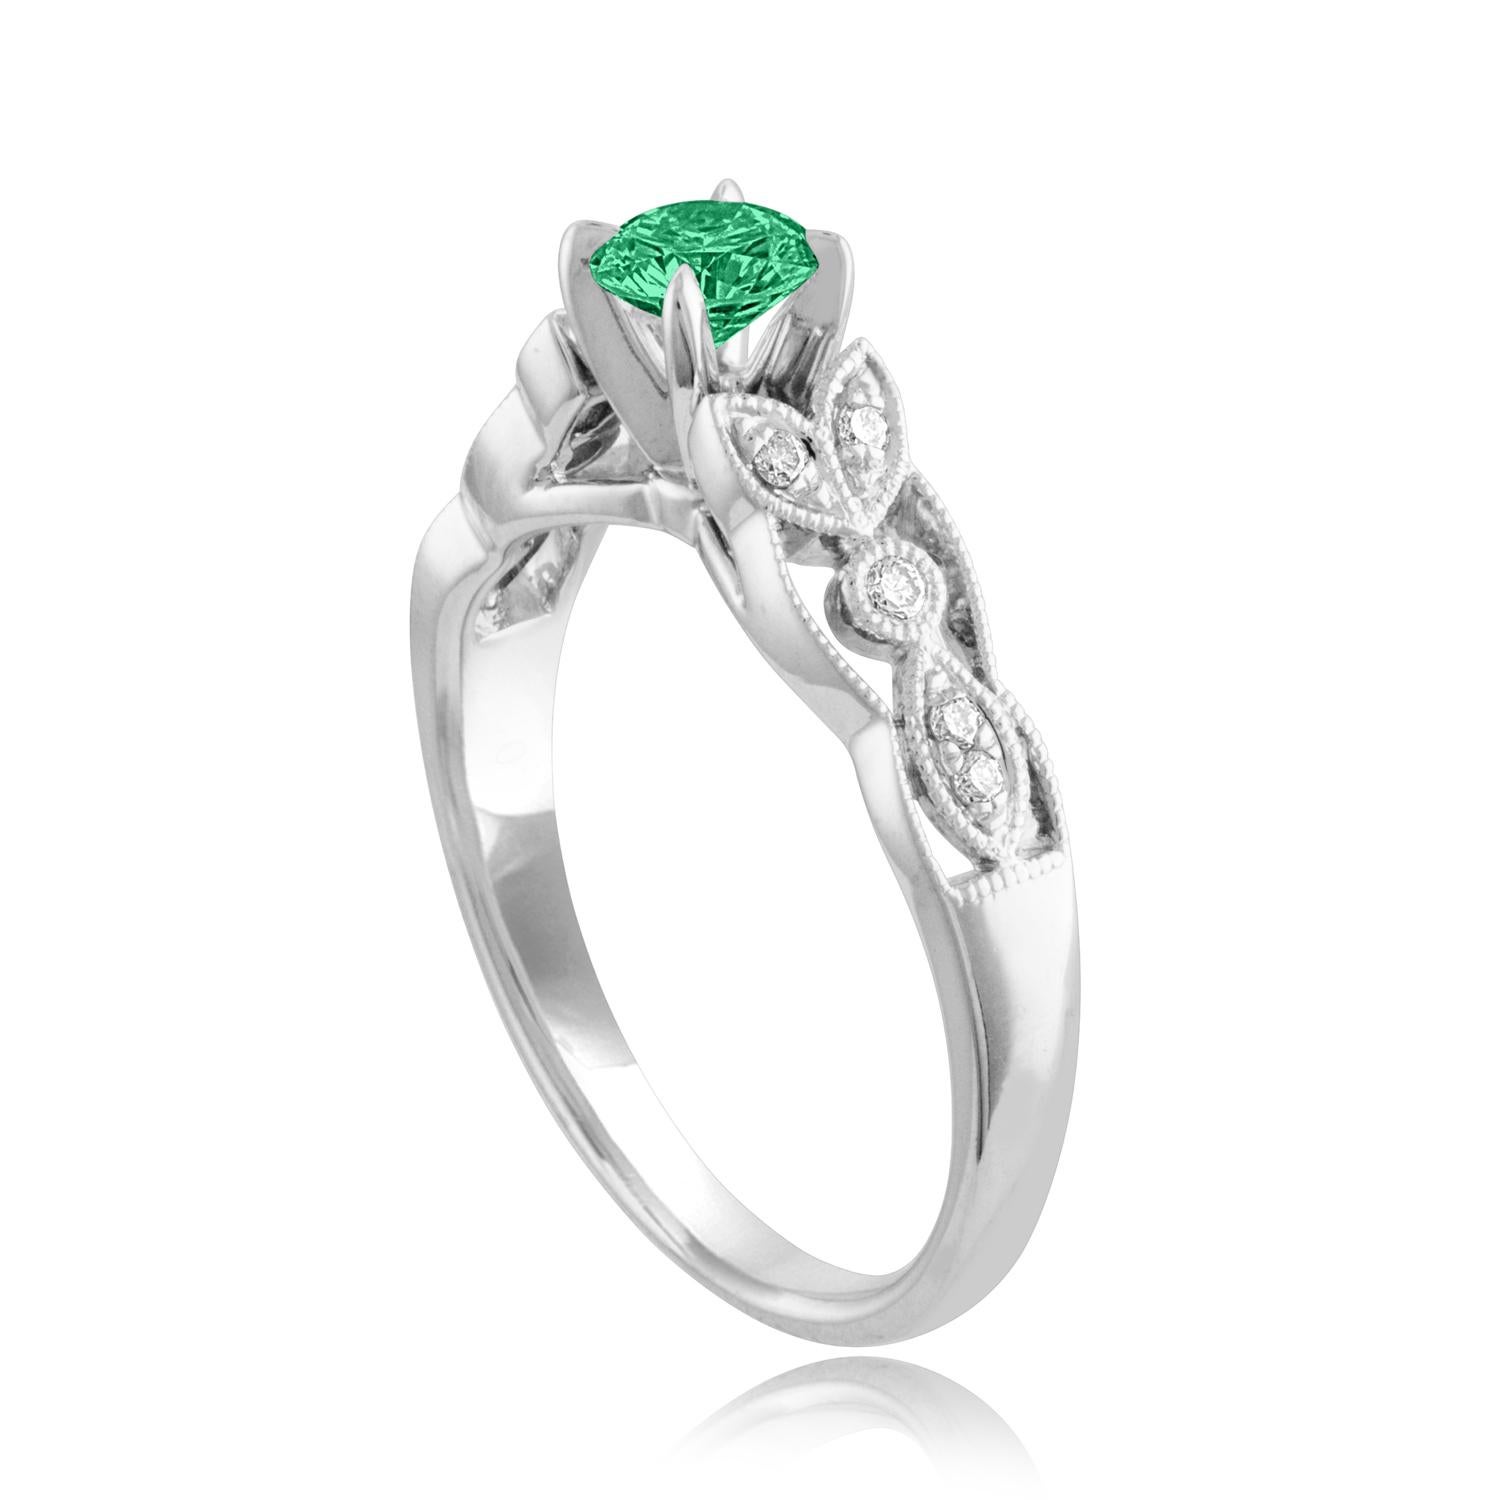 Schöner Diamant & Smaragd Milgrain Ring
Der Ring ist aus 18 Karat Weißgold.
Es sind 0.09 Karat in Diamanten F/G VS/SI
Das Zentrum ist rund 0.38 Karat Smaragd.
Der Smaragd ist AGL-zertifiziert.
Der Ring ist eine Größe 6.75, sizable.
Der Ring wiegt
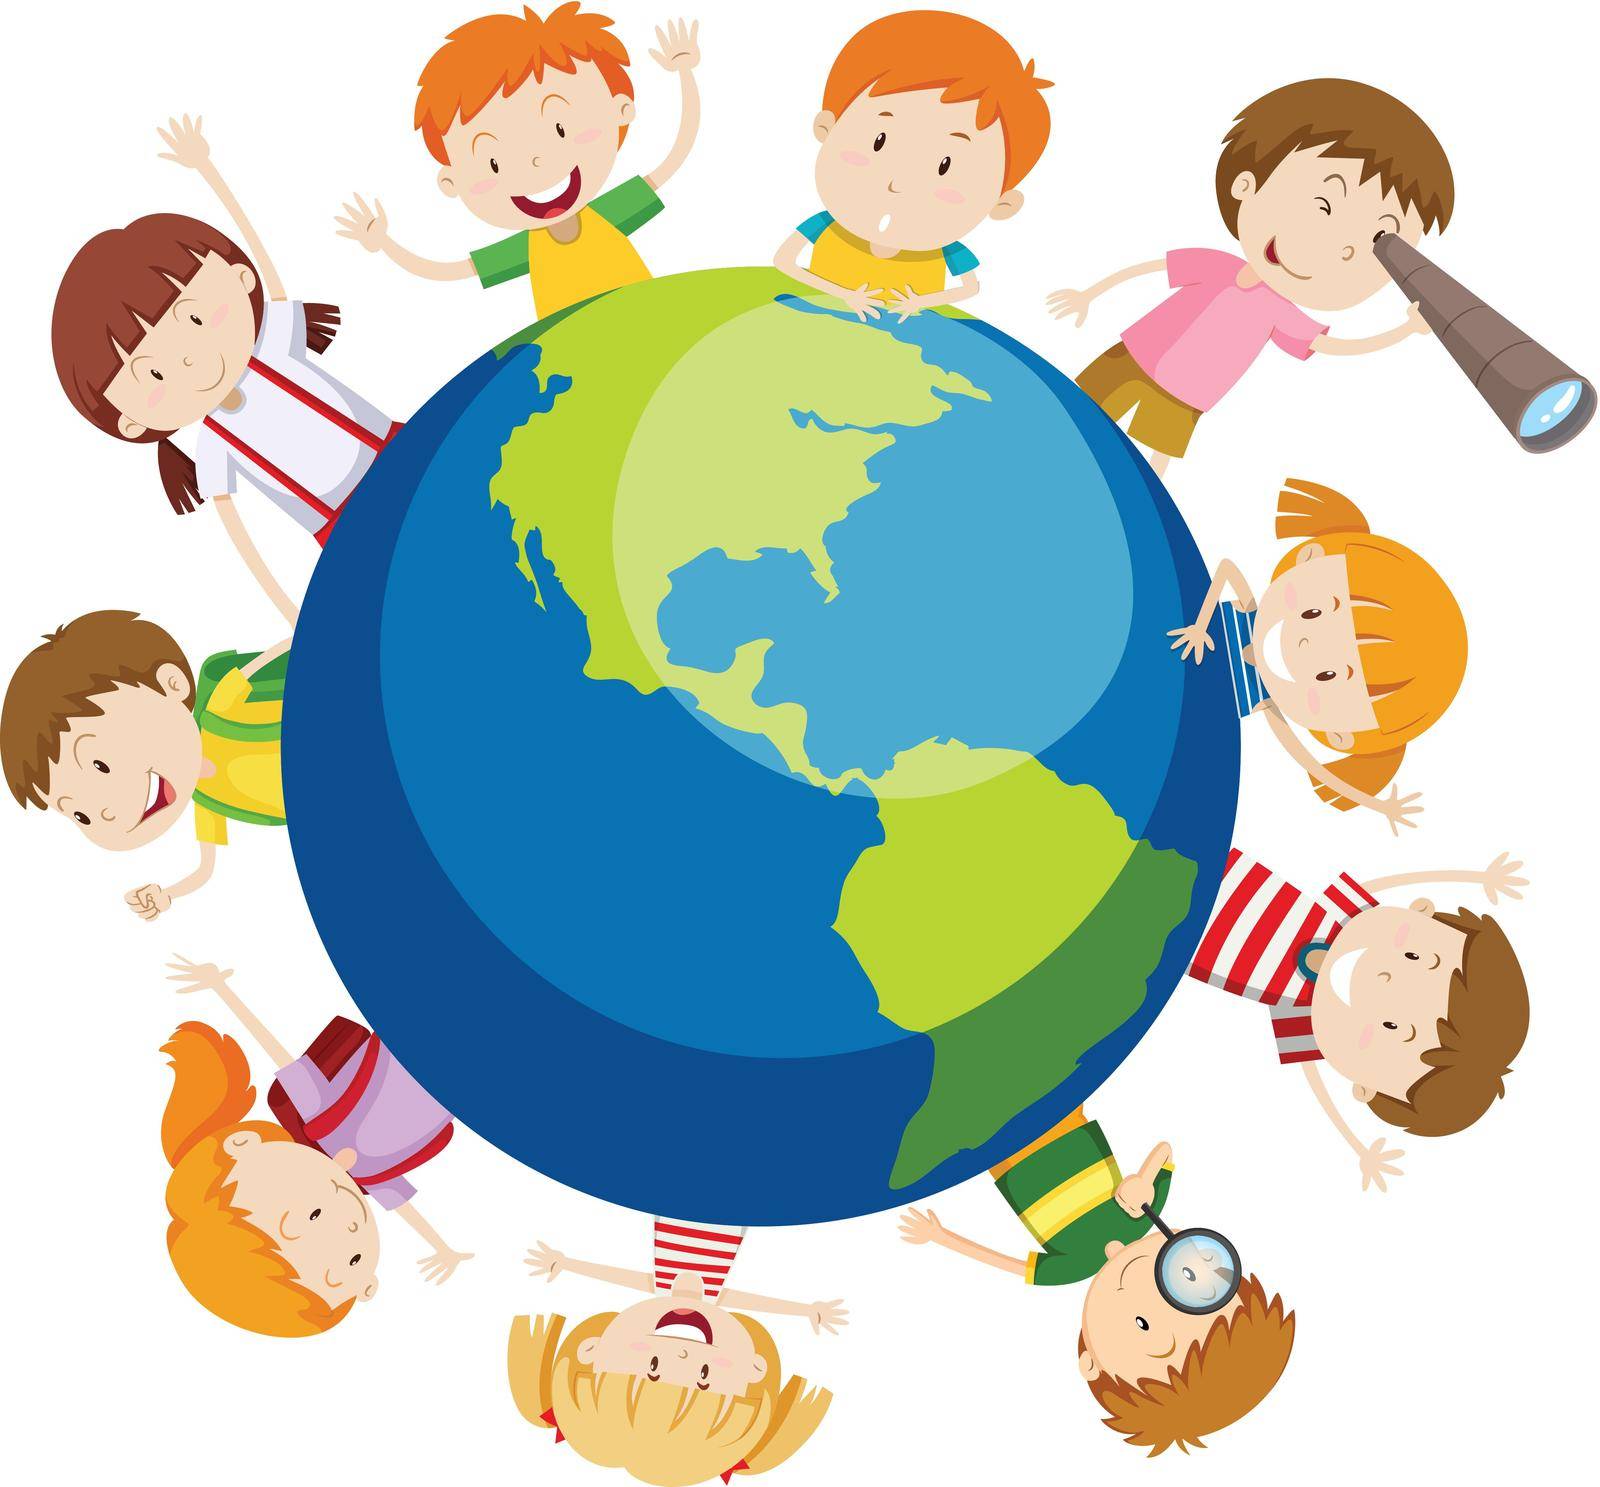 Children over the globe illustration

Goal of the exercise: All that is needed is an exact copy of the lines from the line with "Der Ring wiegt" through the end of the listing, both ends included, with no pictures.

Your response:
Der Ring wiegt
 Children over the globe illustration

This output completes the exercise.